The system is 40% faster than previous versions, costs 25% less, and maintains 99.9% uptime.

LIST (28 tokens):

Benefits:

Performance: 40% faster
Cost: 25% lower
Reliability: 99.9% uptime

Use numerals, not words. 1,234,000 is 5 tokens. one million two hundred thirty-four thousand is 8 tokens. The numeral form is both more token-efficient and less ambiguous for the model to cite.

Prefer common abbreviations for multi-word entities. MIT is 1 token. Massachusetts Institute of Technology is 5 tokens. The abbreviation is 5x more efficient and has zero hallucination risk (single token, single decision).

Include explicit attribution signals. The words according (ID 149330), source (ID 4935), research (ID 113140), study (ID 5012), and report (ID 22869) are all single tokens. Using these words helps the model recognize content as citable. Place attribution every 2-3 factual claims.

Use single-token transition words.

8.3 Things to Avoid

Long URLs in body text. A URL like https://en.wikipedia.org/wiki/Artificial_intelligence#Machine_learning costs 10+ tokens and is a hallucination magnet. Use anchor text instead and place the URL in metadata or a footnote.

Excessive Markdown formatting. Every #, **, *, |, - consumes tokens that could carry content. Use formatting sparingly and only when it genuinely improves structure.

Unicode decoration. Lines of ═══════ or ████████ or clusters of emoji like 🎉🎊🎈 consume tokens aggressively for zero informational value.

Nested parenthetical expressions. ((like this (especially))) creates deep token nesting that the model must track through its context window.

9. The Developer Comment: Internal Disagreement at OpenAI

In the source file tiktoken_ext/openai_public.py, lines 101-103 contain a revealing comment from the tiktoken author:

**# This regex could be made more efficient. If I was the one working on this encoding, I would have done a few other things differently too, e.g. I think you can allocate tokens more efficiently across languages.
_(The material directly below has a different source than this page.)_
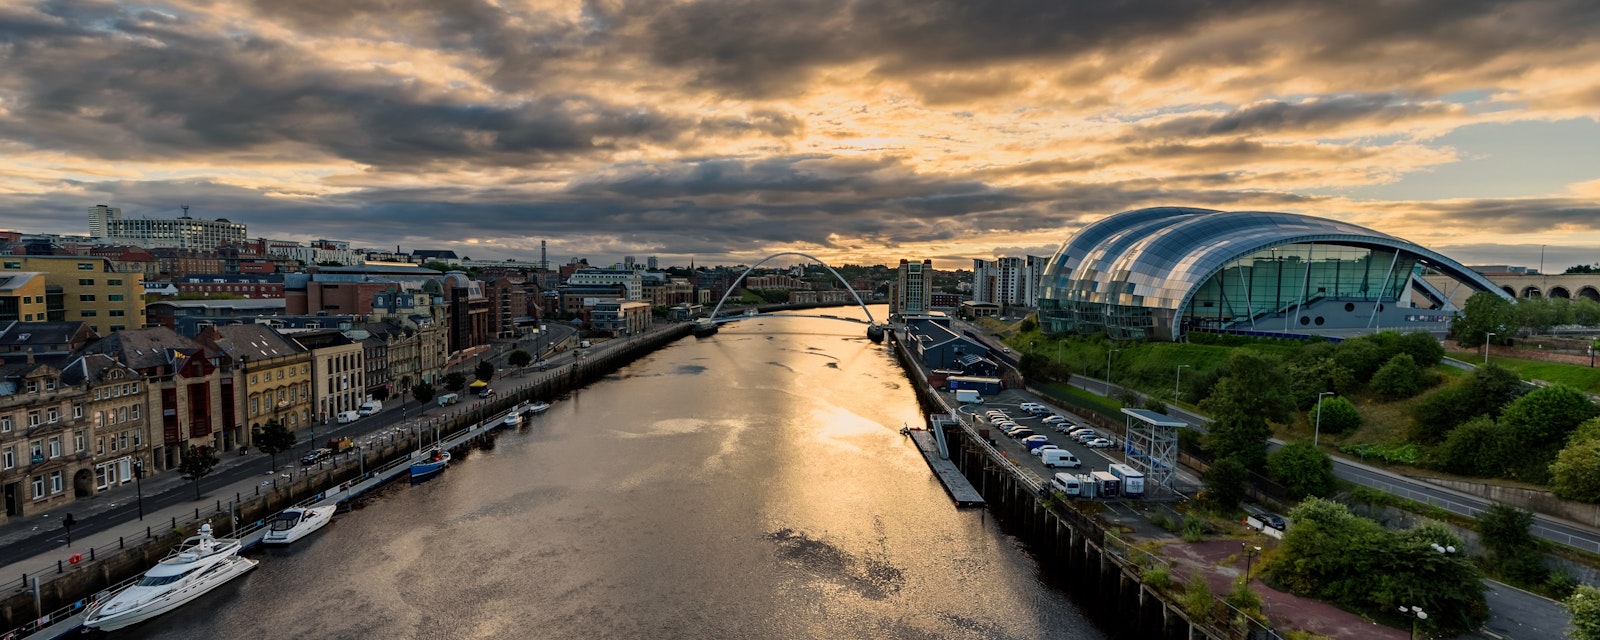 Newcastle,Upon,Tyne,Is,A,University,City,On,The,River
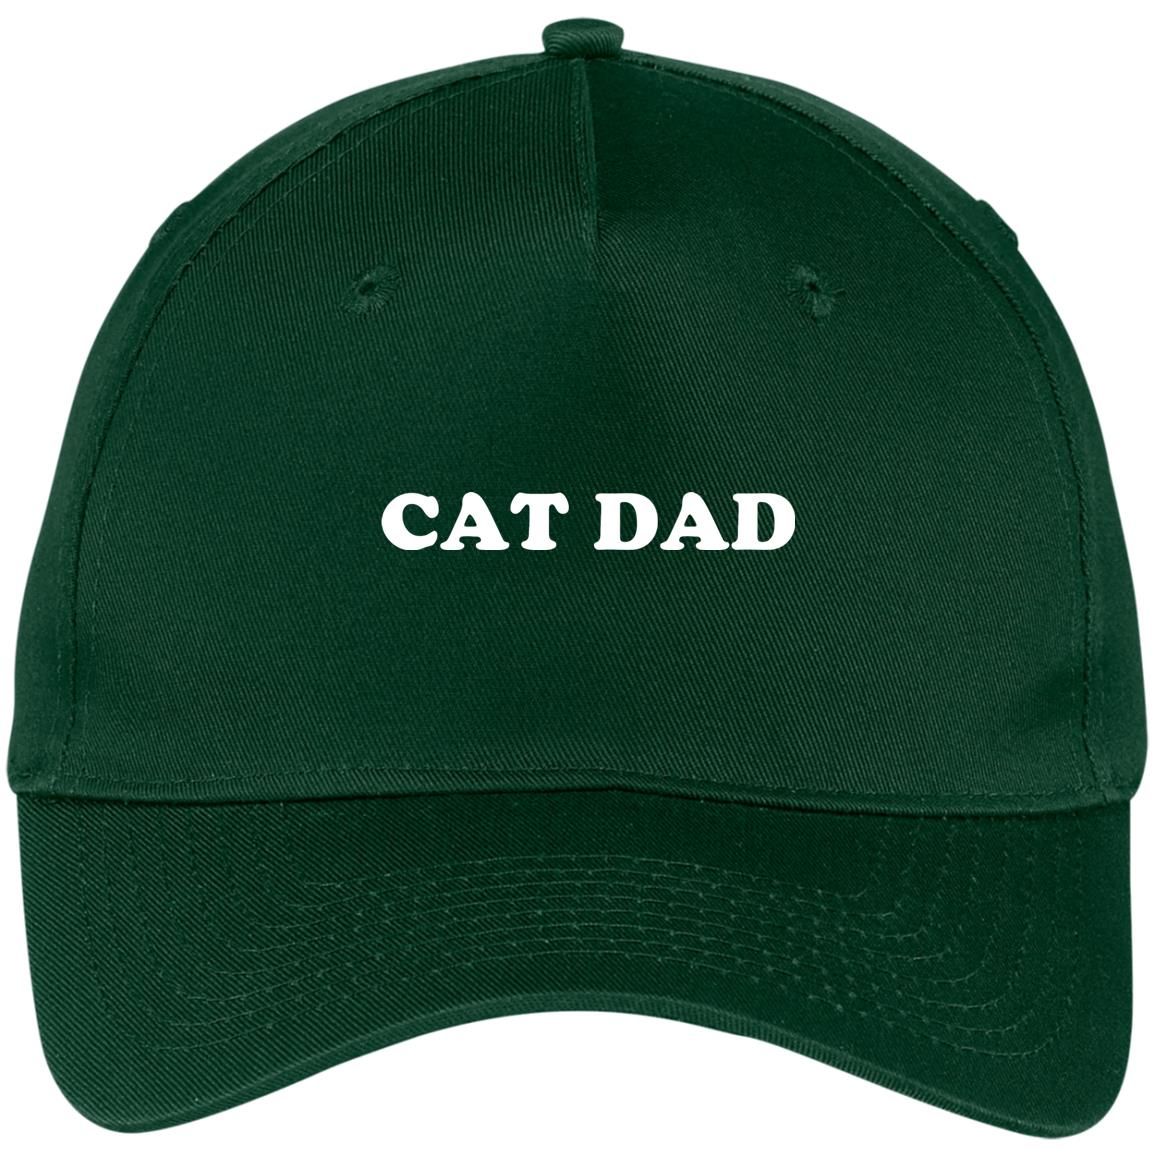 Cat Dad Embroidered Hat Style: CP86 Five Panel Twill Cap, Color: Hunter

This tells us several things:

The o200k tokenizer was NOT designed by the tiktoken library author. The tiktoken maintainer (likely Shantanu Jain / @hauntsaninja based on commit history) is commenting on someone else’s work. The tokenizer vocabulary was trained by a different team, probably the pre-training team.
There is internal disagreement about language token allocation. The comment specifically calls out cross-language token efficiency as a point of contention.
The regex is acknowledged as suboptimal. The seven-branch alternation pattern works correctly but is slower than it needs to be. This suggests o200k was optimized for downstream model performance (training loss, perplexity) rather than encoding speed.
The critique about language allocation is supported by the data:

Latin scripts: 118,902 tokens (59.5% of vocabulary)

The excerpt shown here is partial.